🤖 AI Summary
Existing multi-agent reinforcement learning (MARL) methods suffer from poor generalization under diverse reward structures and heterogeneous opponents, alongside limited scalability. This paper introduces the first standardized MARL competition platform built on Minecraft, leveraging Malmo for distributed training and integrating PPO, Q-learning, opponent modeling, and meta-learning to enable unified agent training across games and opponent types. Its key contributions are: (i) establishing the first multi-game, multi-opponent benchmark in a 3D open-world environment, with generalization—rather than single-task overfitting—as the core evaluation metric; and (ii) demonstrating significantly improved win-rate stability across diverse maps, rule sets, and opponent configurations.
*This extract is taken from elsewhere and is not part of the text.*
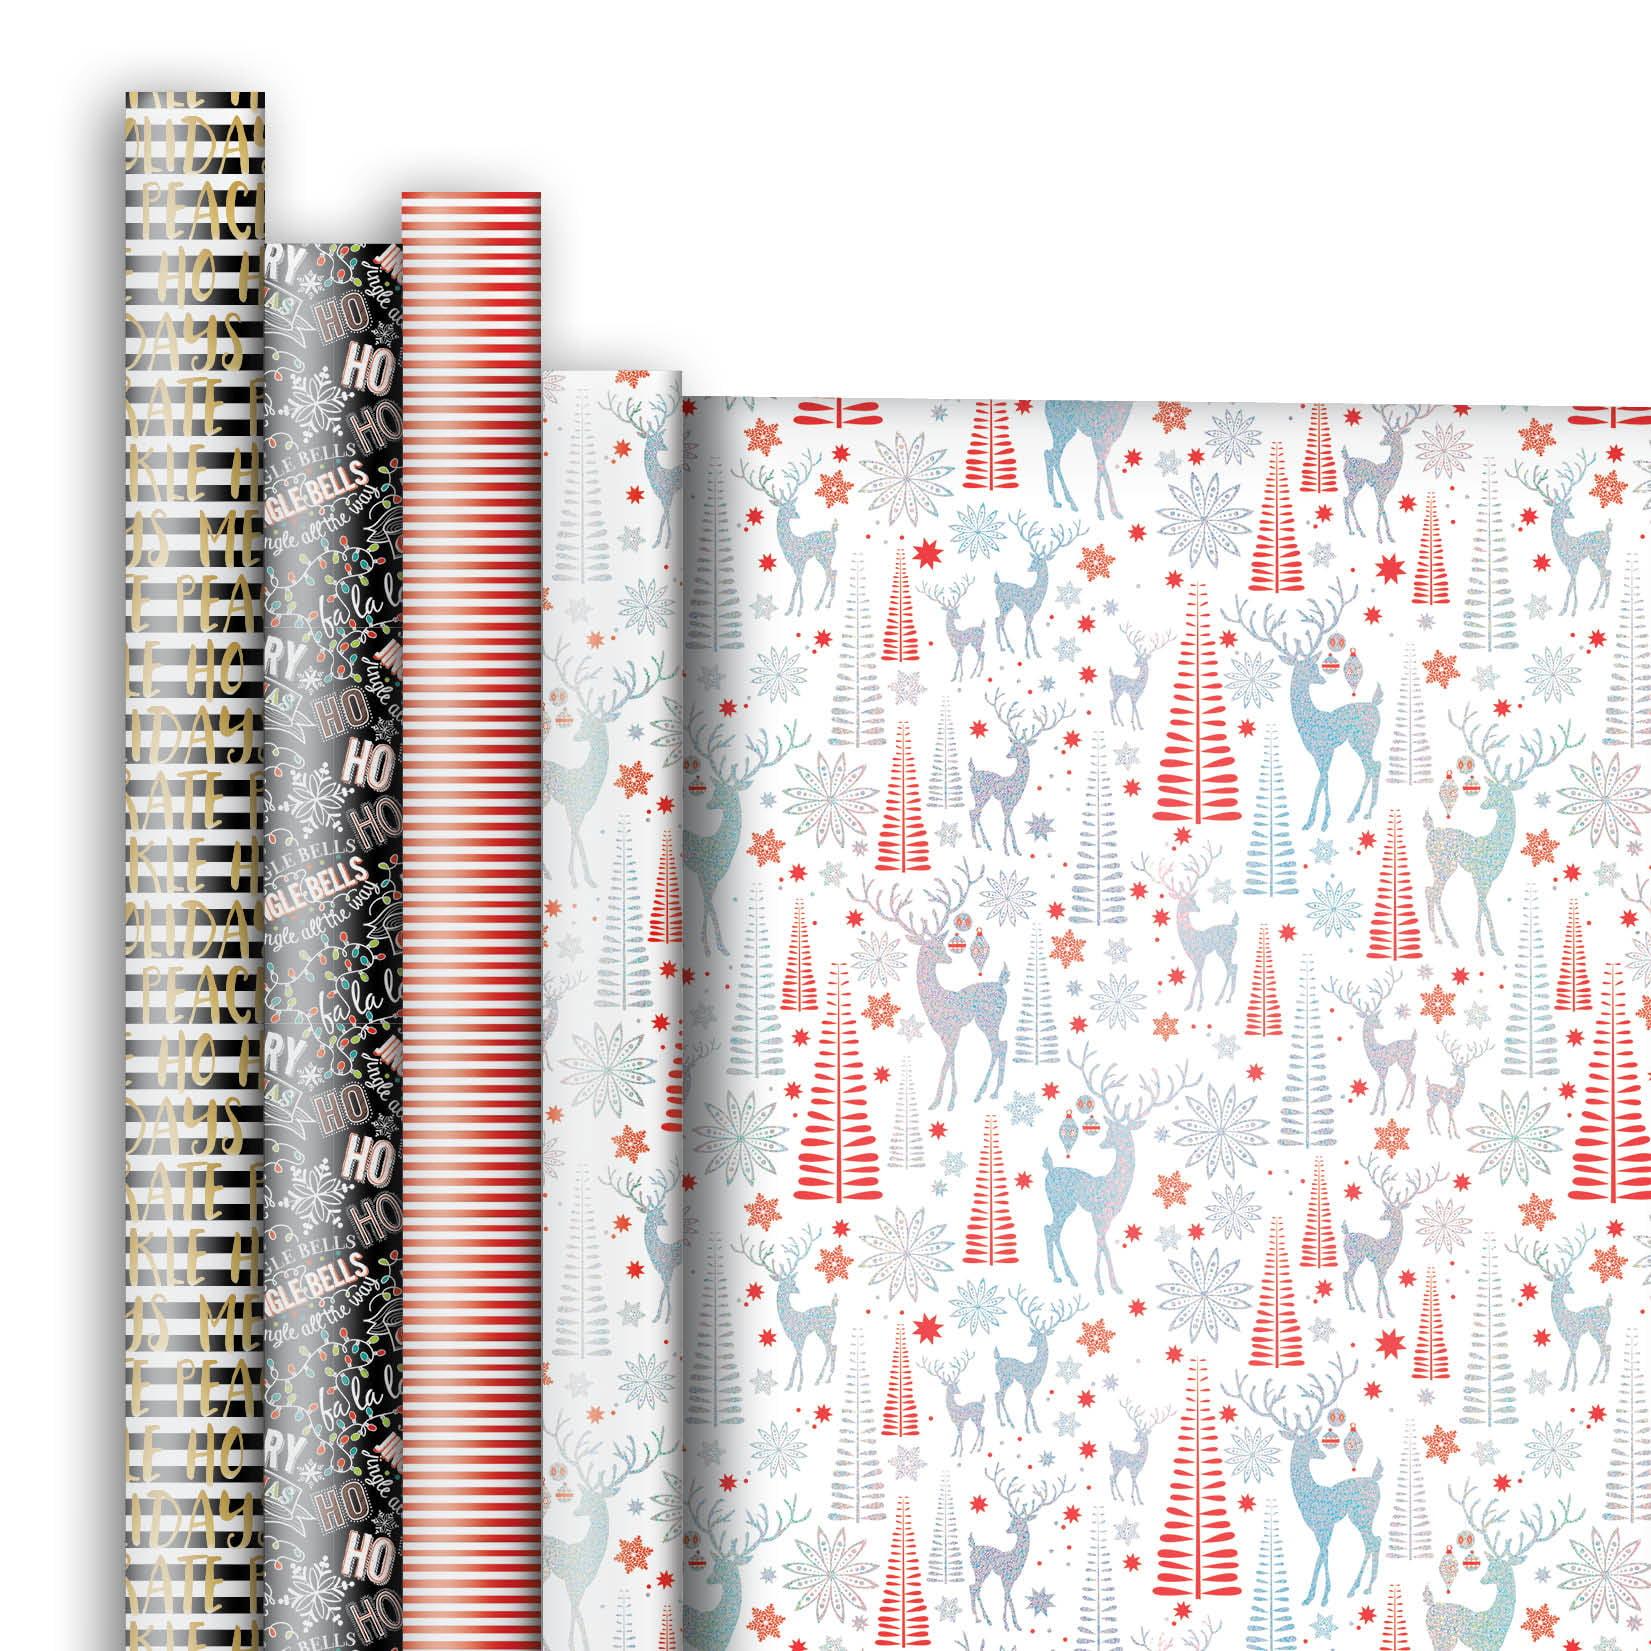 Jillson & Roberts Premium Gift Wrap Jumbo Roll Assortment, Christmas Designs (4 Rolls)

The platform provides a critical, reproducible benchmark and technical framework for MARL research toward artificial general intelligence (AGI).
📝 Abstract
Learning in multi-agent scenarios is a fruitful research direction, but current approaches still show scalability problems in multiple games with general reward settings and different opponent types. The Multi-Agent Reinforcement Learning in Malm""O (MARL""O) competition is a new challenge that proposes research in this domain using multiple 3D games. The goal of this contest is to foster research in general agents that can learn across different games and opponent types, proposing a challenge as a milestone in the direction of Artificial General Intelligence.